Western Canadian farmers will have a tough time battling the next glyphosate resistant weed, says an expert.

Wild oats is the most likely candidate to follow resistant kochia, according to a risk assessment model developed by Hugh Beckie, a weed scientist with Agriculture Canada.

The same model successfully forecast kochia as Western Canada’s first glyphosate resistant weed.

The forecast came out in 2010, one year before the weed was discovered in a field in southern Alberta. It has since been detected in Saskatchewan and Manitoba.

Kochia is the only glyphosate tolerant weed in Western Canada, but the U.S. experience suggests others are sure to follow.

“Wild oats resistant to glyphosate would be a worst-case scenario,” Beckie said in an interview following his presentation at the 2014 Canola Discovery Forum.

“It’s really resistant to everything out there already. If you lose the efficacy of glyphosate, you really restrict your herbicide options to control that weed.”

Wild oats has a resistance risk assessment rating of 9.99 in the brown and dark brown soil zones (grassland region) and 7.83 in the black and grey soil zones (parkland region).

It is followed by green foxtail with a 6.54 rating in the grassland and 4.09 rating in the parkland.

Cleavers are expected to be a close third in the parkland with a 4.05 rating. Wild buckwheat is the fourth likeliest candidate in the parkland at 3.01 and the third likeliest in the grassland at 2.71.

Beckie said wild buckwheat’s risk rating will rise dramatically with the anticipated 2016 introduction of Monsanto’s TruFlex Roundup Ready canola.

Wild buckwheat is more tolerant to glyphosate than other annual weeds. It is hard to control at today’s recommended application rates.

TruFlex canola will allow growers to use higher rates of the chemical over a wider window of application.

Monsanto’s new Roundup Ready trait will make the weed more susceptible to the most popular herbicide used in Western Canada, but it will also increase resistance selection pressure in weed populations.

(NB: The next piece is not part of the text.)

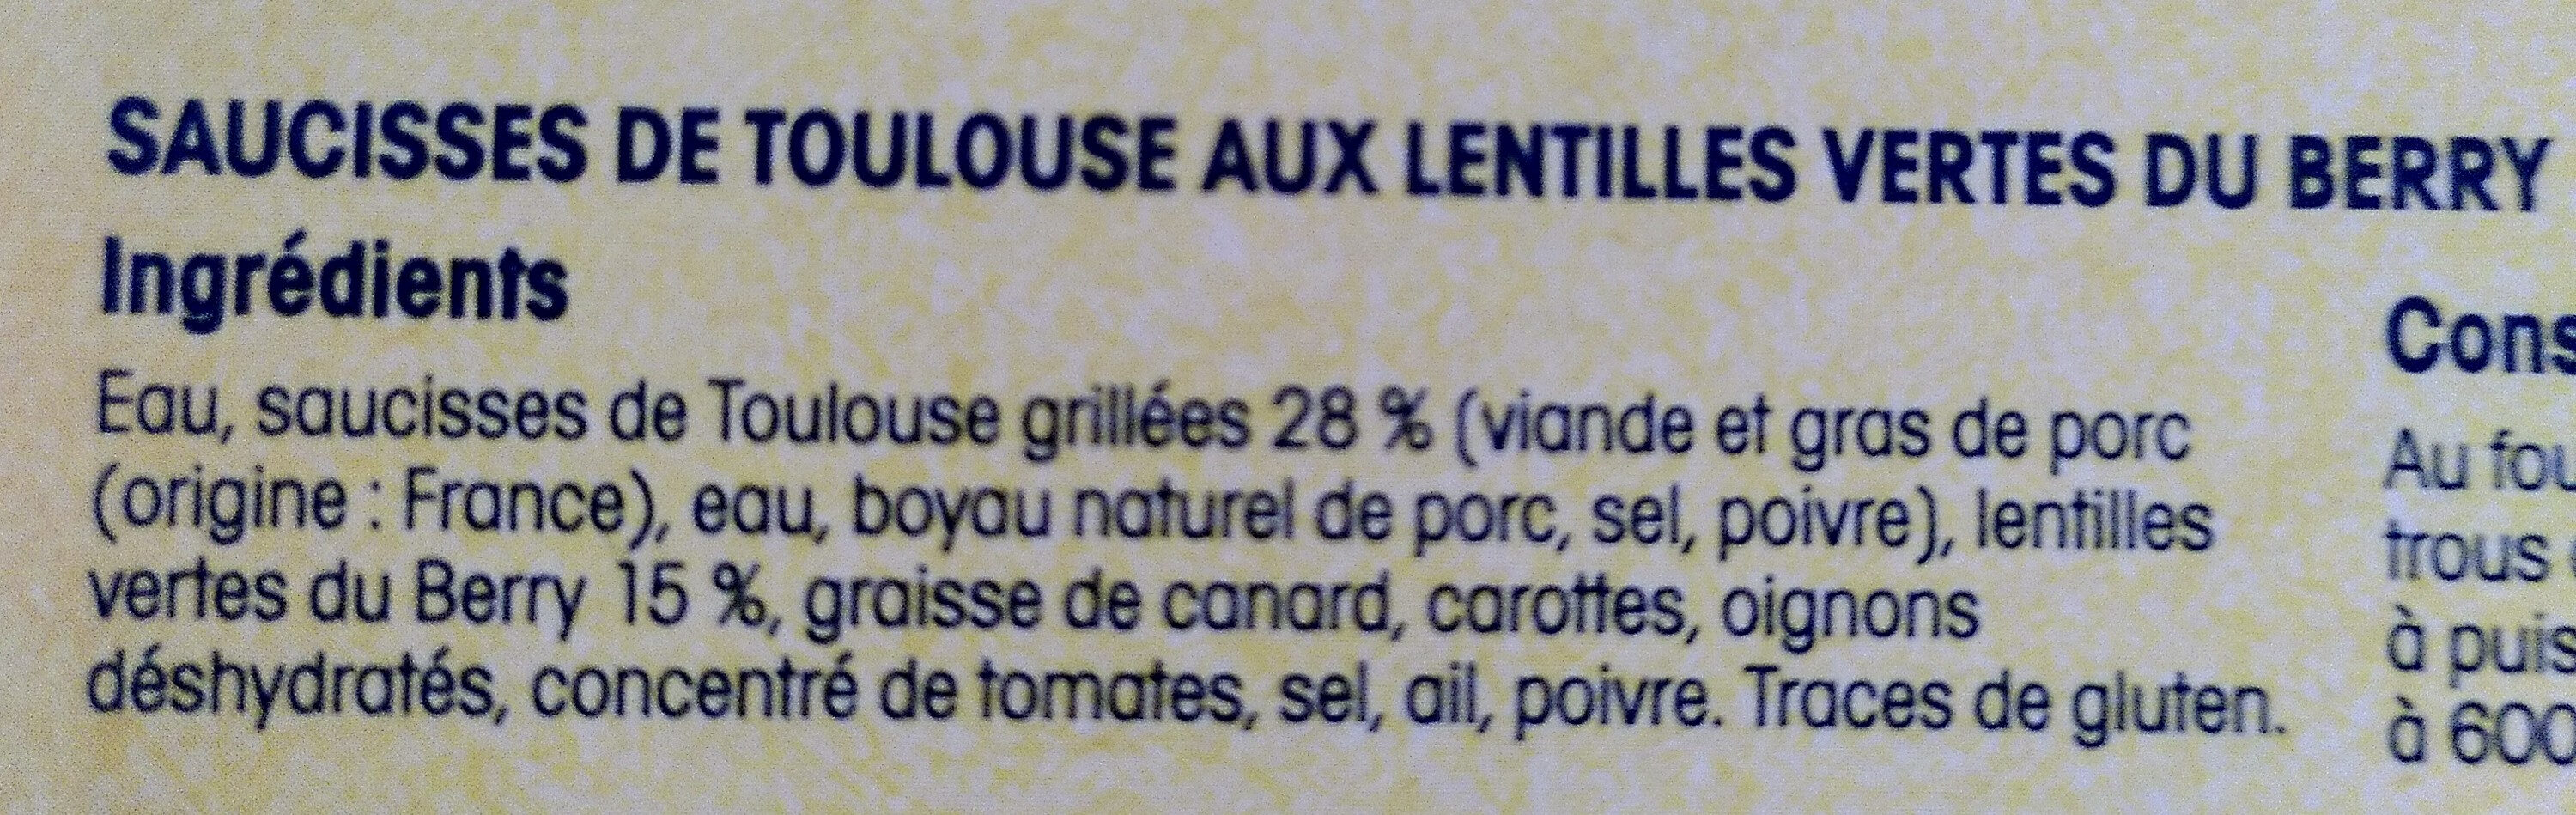 Saucisses de Toulouse aux lentilles vertes du Berry - Ingrédients

“The risk rate is going to increase substantially, and it is our most abundant weed, so that’s one to watch,” said Beckie.

Joe Vink, weed management technical lead with Monsanto Canada, doesn’t think higher rates of herbicide and a longer window of application will result in glyphosate resistant buckwheat.

“I don’t think that necessarily drives the evolution of glyphosate resistance,” he said.

“For me, it’s more the frequency of application and just total over-reliance on one herbicide mode of action.”

Vink said growers need to use best management practices such as crop diversification and tank mixing to combat the resistance problem.

“It would be really, really nice if we had other herbicides available in canola to tank mix with Roundup Ready, but there are very limited options at this point,” he said.

Beckie said the last new herbicide mode of action was 32 years ago and a new one is at least another 10 years away.

Canola has been a key weapon in combatting weed resistance in Western Canada. Canola hybrids are good at fighting weeds, and the herbicides used on canola contain two modes of action that are not used widely in other crops: glyphosate and glufosinate.

Glyphosate resistance is a serious threat to western Canadian crop production because growers rely so heavily on the chemical. More glyphosate was sold in Western Canada in 2012 than the next 12 most popular active ingredients combined.